Having launched your search in, presumably, Google Scholar, you must navigate the GS results. For GS, it is often as simple as clicking on the [PDF] or [HTML] link in the top right which denotes (what GS believes to be) a fulltext link, eg:

Click to enlarge
An example of a hit in Google Scholar: note the [HTML] link indicating there is a fulltext Pubmed version of this paper (often overlooked by newbies).

GS: if no fulltext in upper right, look for soft walls. In GS, remember that a fulltext link is not always denoted by a "[PDF]" link! Check the top hits by hand: there are often ‘soft walls’ which block web spiders but still let you download fulltext (perhaps after substantial hassle, like SSRN).

Note that GS supports other useful features like alerts for search queries, alerts for anything citing a specific paper, and reverse citation searches (to followup on a paper to look for failures-to-replicate or criticisms of it).

By Title

Title searches: if a paper fulltext doesn’t turn up on the first page, start tweaking (hard rules cannot be given for this, it requires development of "mechanical sympathy" and asking a mixture of "how would a machine think to classify this" and "how would other people think to write this"):

  • The Golden Mean: Keep mind when searching, you want some but not too many or too few results. A few hundred hits in GS is around the sweet spot. If you have less than a page of hits, you have made your search too specific.

    If nothing is turning up, try trimming the title. Titles tend to have more errors towards the end than the beginning, and people often drop So start cutting words off the end of the title to broaden the search. Think about what kinds of errors you make when you recall titles: you drop punctuation or subtitles, substitute in more familiar synonyms, or otherwise simplify it. (How might OCR software screw up a title?)

    Pay attention to technical terms that pop up in association with your own query terms, particularly in the snippets or full abstracts. Which ones look like they might be more popular than yours, or indicate yours are usually used slightly different from you think they mean? You may need to switch terms.

    If deleting a few terms then yields way too many hits, try to filter out large classes of hits with a negation foo -bar, adding as many as necessary; also useful is using OR clauses to open up the search in a more restricted way by adding in possible synonyms, with parentheses for group. This can get quite elaborate—I have on occasion resorted to search queries as baroque as (foo OR baz) AND (qux OR quux) -bar -garply -waldo -fred to the point where I hit search query length limits.3 (By that point, it is time to consider alternate attacks.)

  • Tweak The Title: quote the title; delete any subtitle; try the subtitle instead; be suspicious of any character which is not alphanumeric and if there are colons, split it into two title quotes (instead of searching Foo bar: baz quux, or "Foo bar: baz quux", search "Foo bar" "baz quux"); swap their order.

  • Tweak The Metadata:

    • Add/remove the year.
    • Add/remove the first author’s surname.

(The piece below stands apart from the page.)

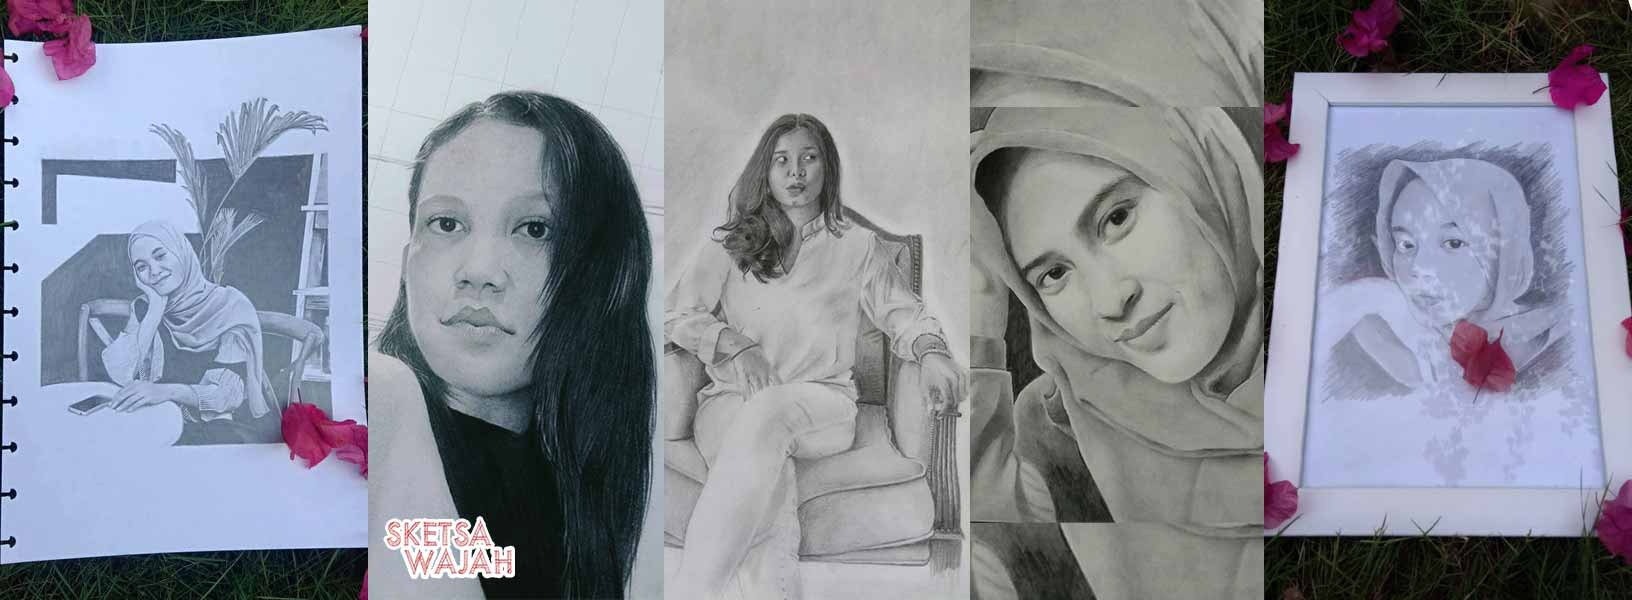 Karya Rizal Efendy sketcher Sketsa Wajah

Try searching GS for just the author (author:foo).
  • Delete Odd Characters/Punctuation:

    Libgen had trouble with colons for a long time, and many websites still do (eg GoodReads); I don’t know why colons in particular are such trouble, although hyphens/em-dashes and any kind of quote or apostrophe or period are problematic too. Watch out for words which may be space-separated—if you want to find Arpad Elo’s epochal The Rating of Chessplayers in Libgen, you need to search "The Rating of Chess Players" instead! (This is also an example of why falling back to search by author is a good idea.)

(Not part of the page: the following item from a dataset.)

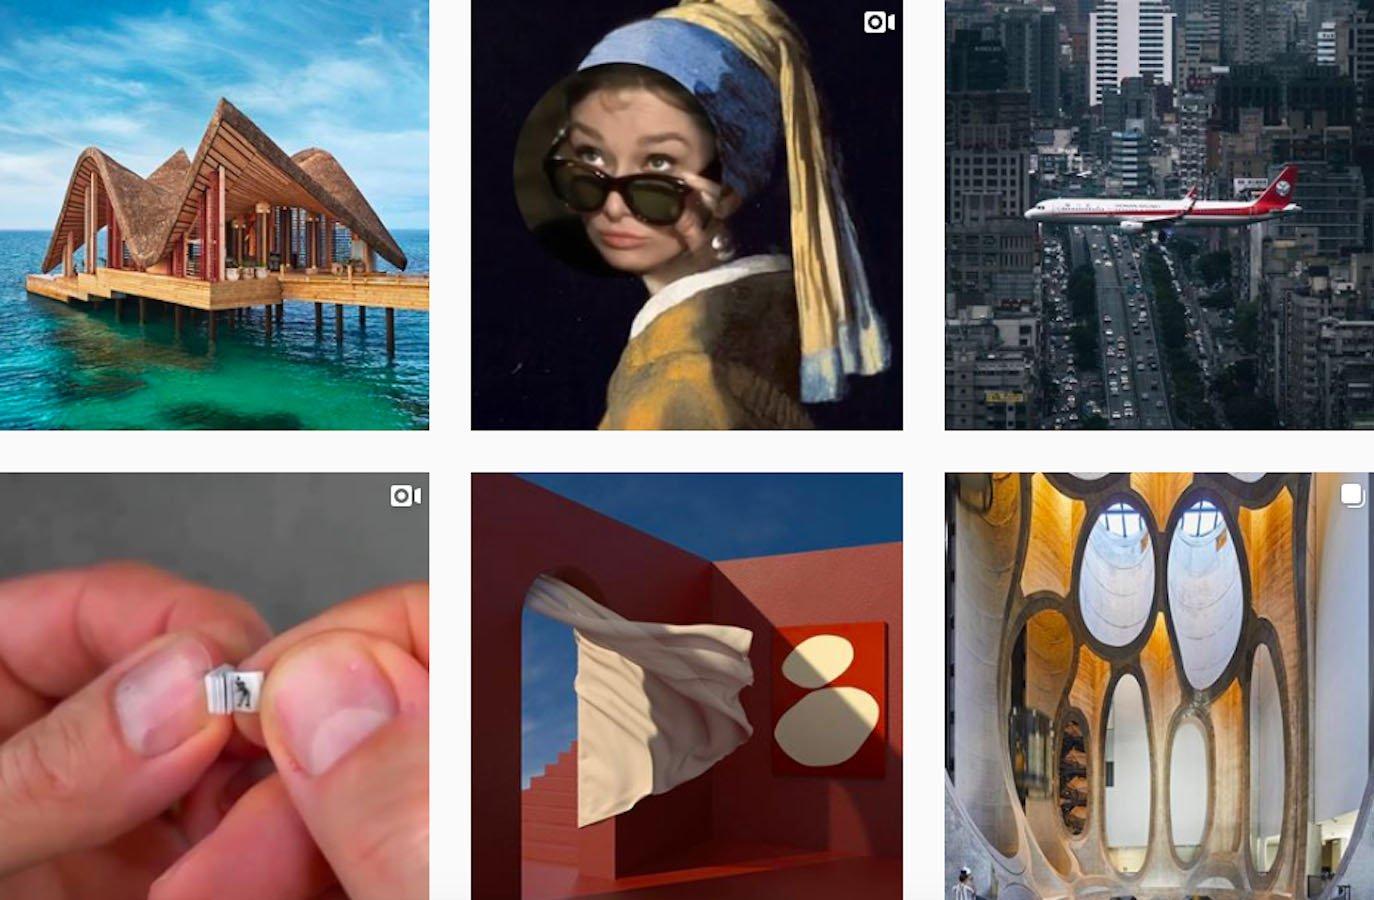 Web Design Inspiration: 110+ Accounts On Instagram and 10+ Best UX & Web Design Books in 2020 - designboom

  • Tweak Spelling: Try alternate spellings of British/American terms. This shouldn’t be necessary, but then, deleting colons or punctuation shouldn’t be necessary either.

  • Use URLs: if you have a URL, try searching chunks of it, typically towards the end, stripping out dates and domain names.

  • Date Search:

    Use a search engine (eg G/GS)‘s date range to search ±4 years: metadata can be wrong, publishing conventions can be odd (eg a magazine published in ’June’ may actually be published several months before or after), publishers can be extremely slow. This is particularly useful if you add a date constraint & simultaneously loosen the search query to turn up the most temporally-relevant of what would otherwise be far too many hits. If this doesn’t turn up the relevant target, it might turn up related discussions or fixed citations, since most things are cited most shortly after publication and then vanish into obscurity.

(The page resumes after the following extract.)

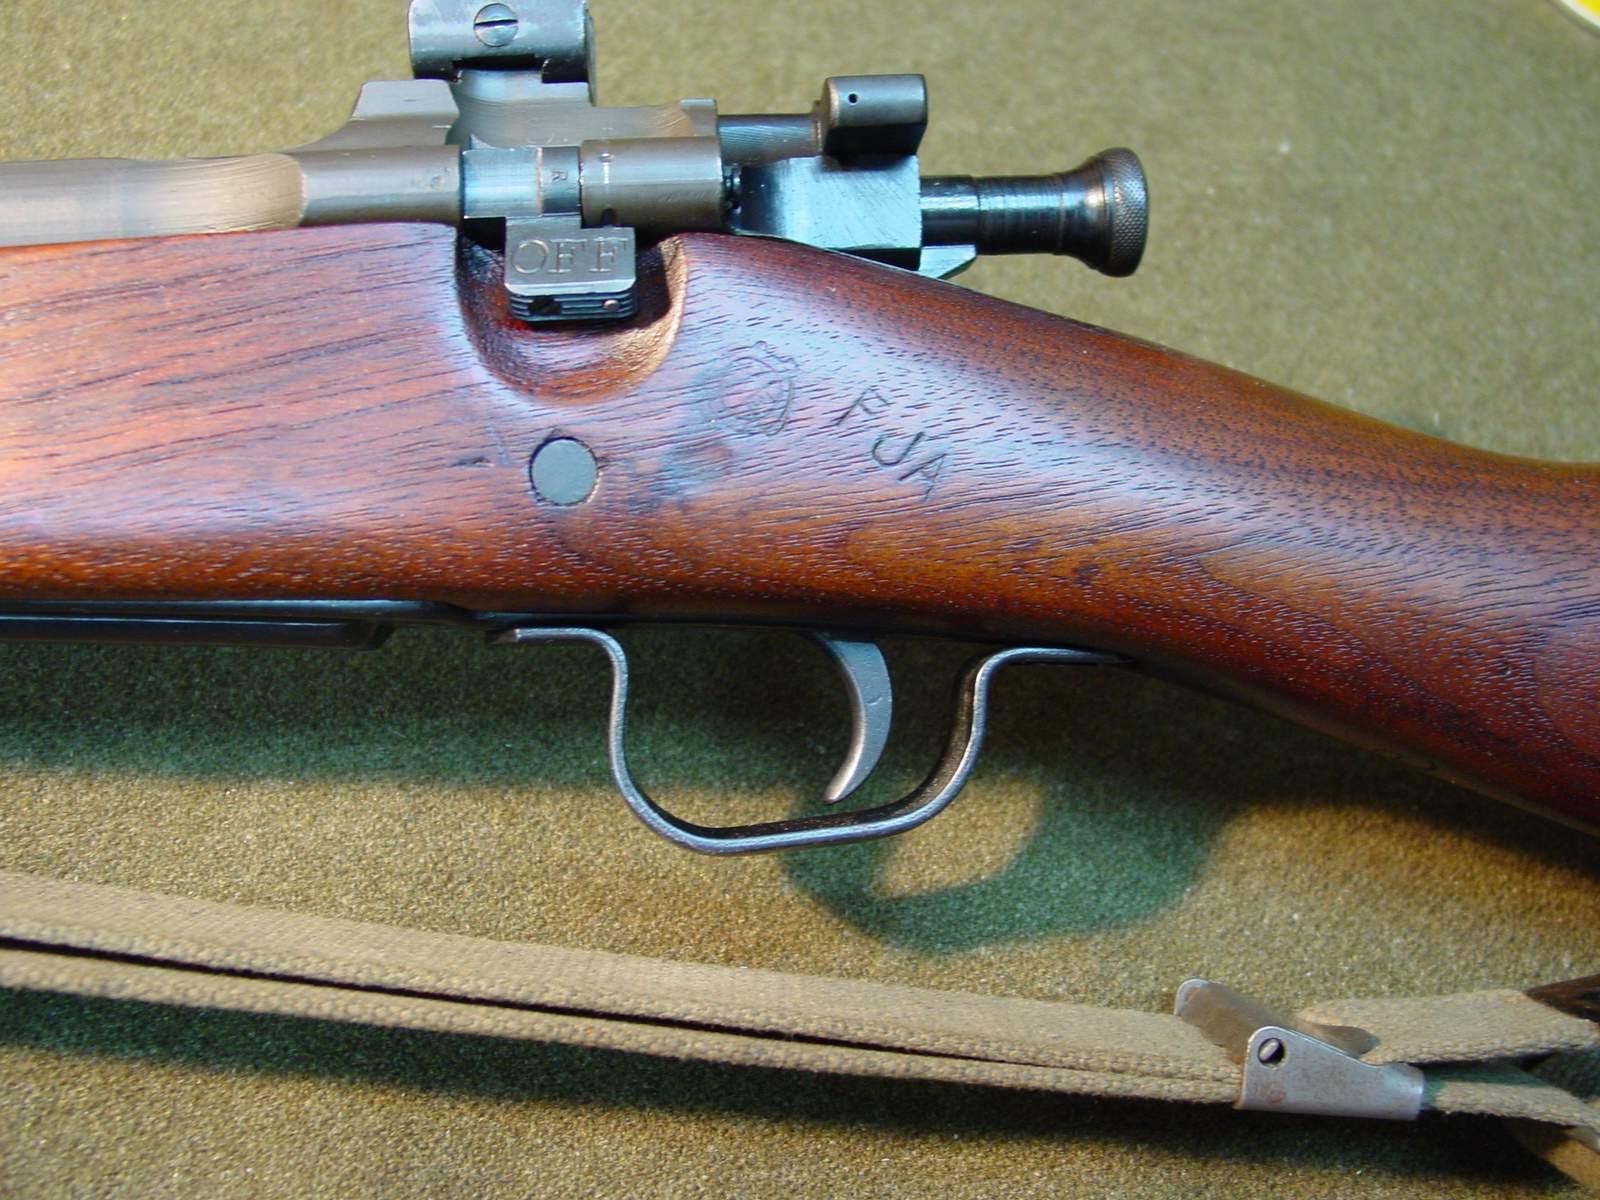 m1 rifle diagram triumph daytona 675 wiring schematic of carbine sks elsavadorla

    If a year is not specified, try to guess from the medium: popular media has heavy recentist bias & prefers only contemporary research which is ‘news’, while academic publications go back a few more years; the style of the reference can give a hint as to how relatively old some mentioned research or writings is. Frequently, given the author surname and a reasonable guess at some research being a year or two old, the name + date-range + keyword in GS will be enough to find the paper.

    • Consider errors: typos are common. If nothing is showing up in the date-range despite a specific date, perhaps there was a typographic error. Even a diligent typist will occasionally copy metadata from a previous entry or type the same character twice or 2 characters in the wrong order, and for numbers, there is no spellcheck to help catch such errors. Authors frequently propagate bibliographic errors without correcting them (demonstrating, incidentally, that they probably did not read the original and so any summaries should be taken with a grain of salt). Think about transpositions & neighboring keys on a QWERTY keyboard: eg a year like "1976" may actually be 1966, 1967, 1975, 1977, or 1986.
  • Add Jargon: Add technical terminology which might be used by relevant papers; for example, if you are looking for an article on college admissions statistics, any such analysis would probably be using logistic regression and, even if they do not say "logistic regression" (in favor of some more precise yet unguessable term) would express their effects in terms of "odds".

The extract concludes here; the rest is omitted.